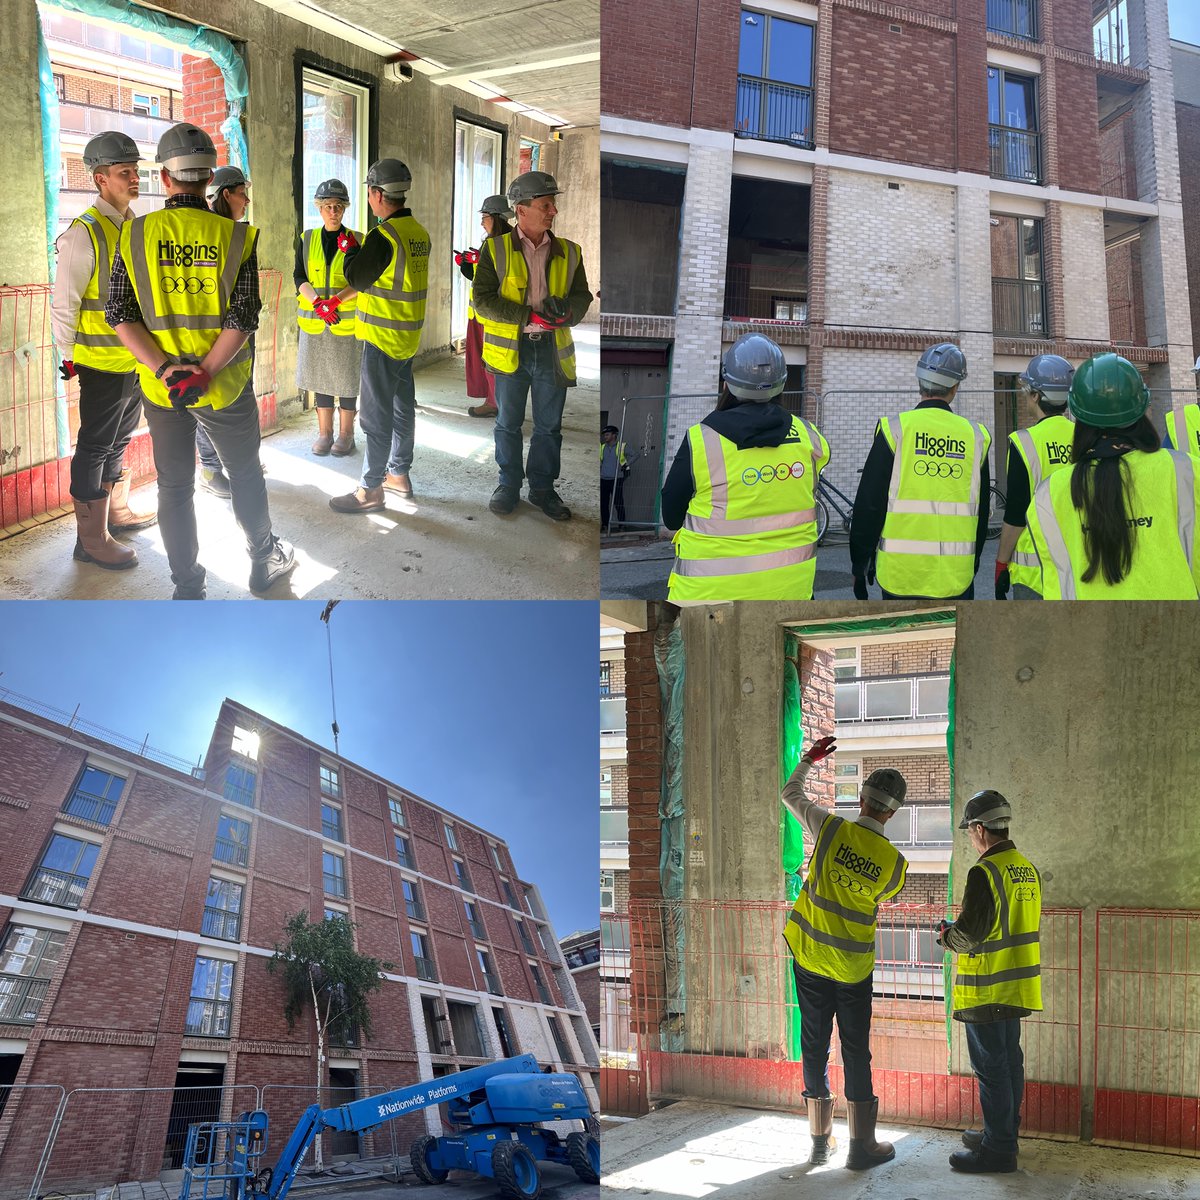 It was a pleasure to welcome the @MayorofHackney, Caroline Woodley to our Wimbourne Street development yesterday to show her the progress being made to deliver 59 mixed tenure apartments.
@hackneycouncil 

#mmc #modular #ukhousing #affordablehousing #newhomes #Hackney #developer
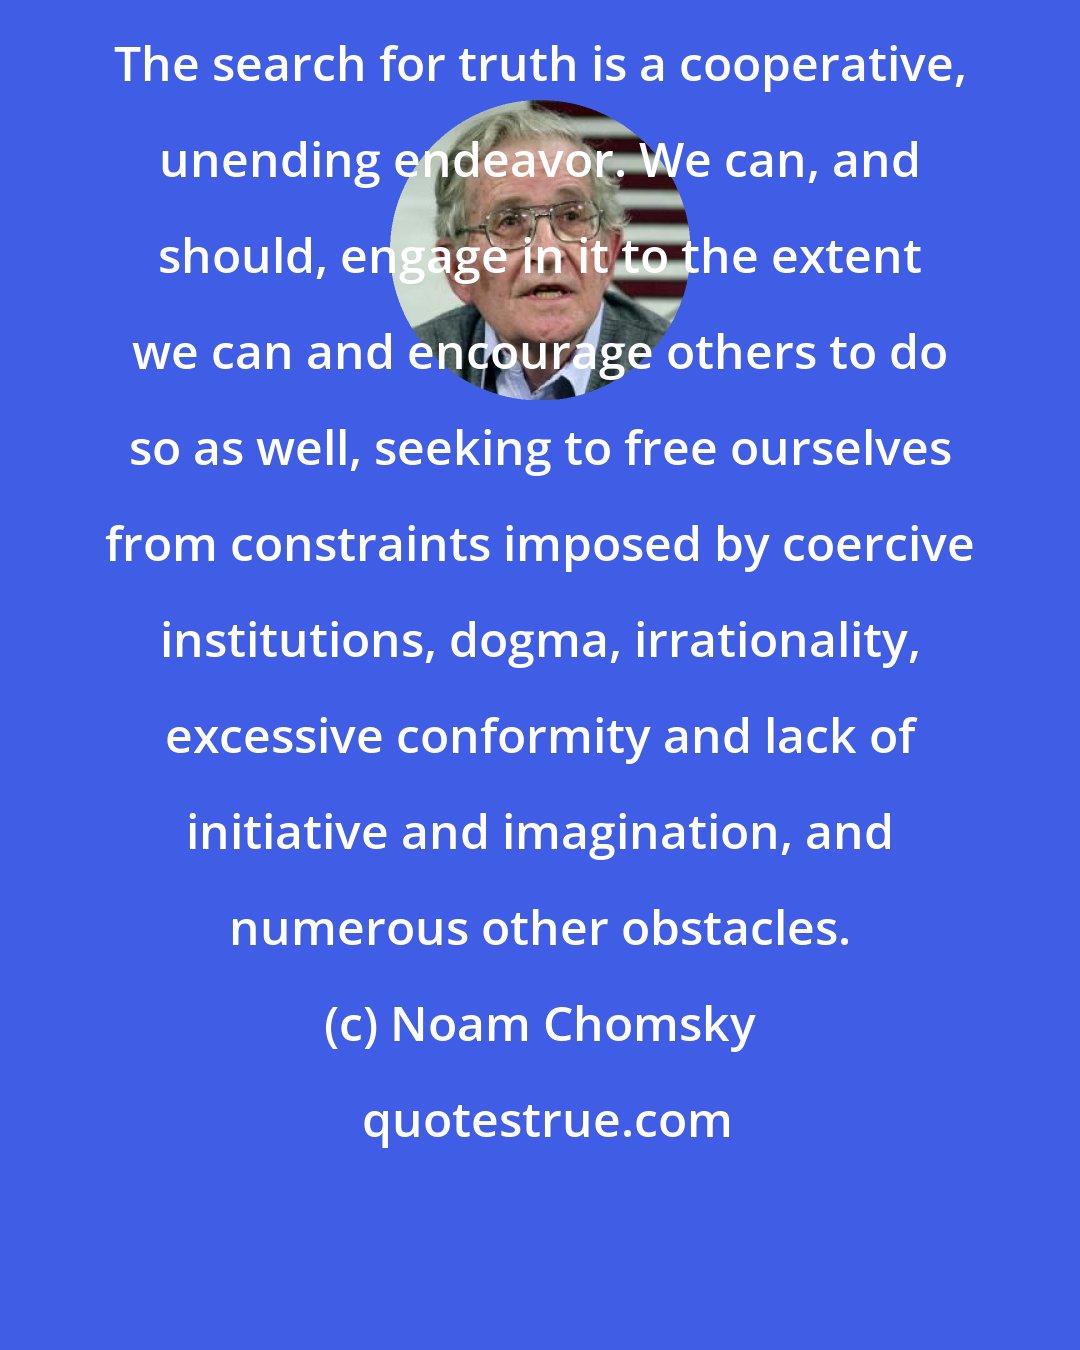 Noam Chomsky: The search for truth is a cooperative, unending endeavor. We can, and should, engage in it to the extent we can and encourage others to do so as well, seeking to free ourselves from constraints imposed by coercive institutions, dogma, irrationality, excessive conformity and lack of initiative and imagination, and numerous other obstacles.

○ ○ ○ ○

• Exercise goal:
The answer is to be the lines from the line that contains "#mmc #modular #ukhousing" through the last line of the material, retyped exactly, both included, with pictures left out, please.

• The answer:
#mmc #modular #ukhousing #affordablehousing #newhomes #Hackney #developer
 Noam Chomsky: The search for truth is a cooperative, unending endeavor. We can, and should, engage in it to the extent we can and encourage others to do so as well, seeking to free ourselves from constraints imposed by coercive institutions, dogma, irrationality, excessive conformity and lack of initiative and imagination, and numerous other obstacles.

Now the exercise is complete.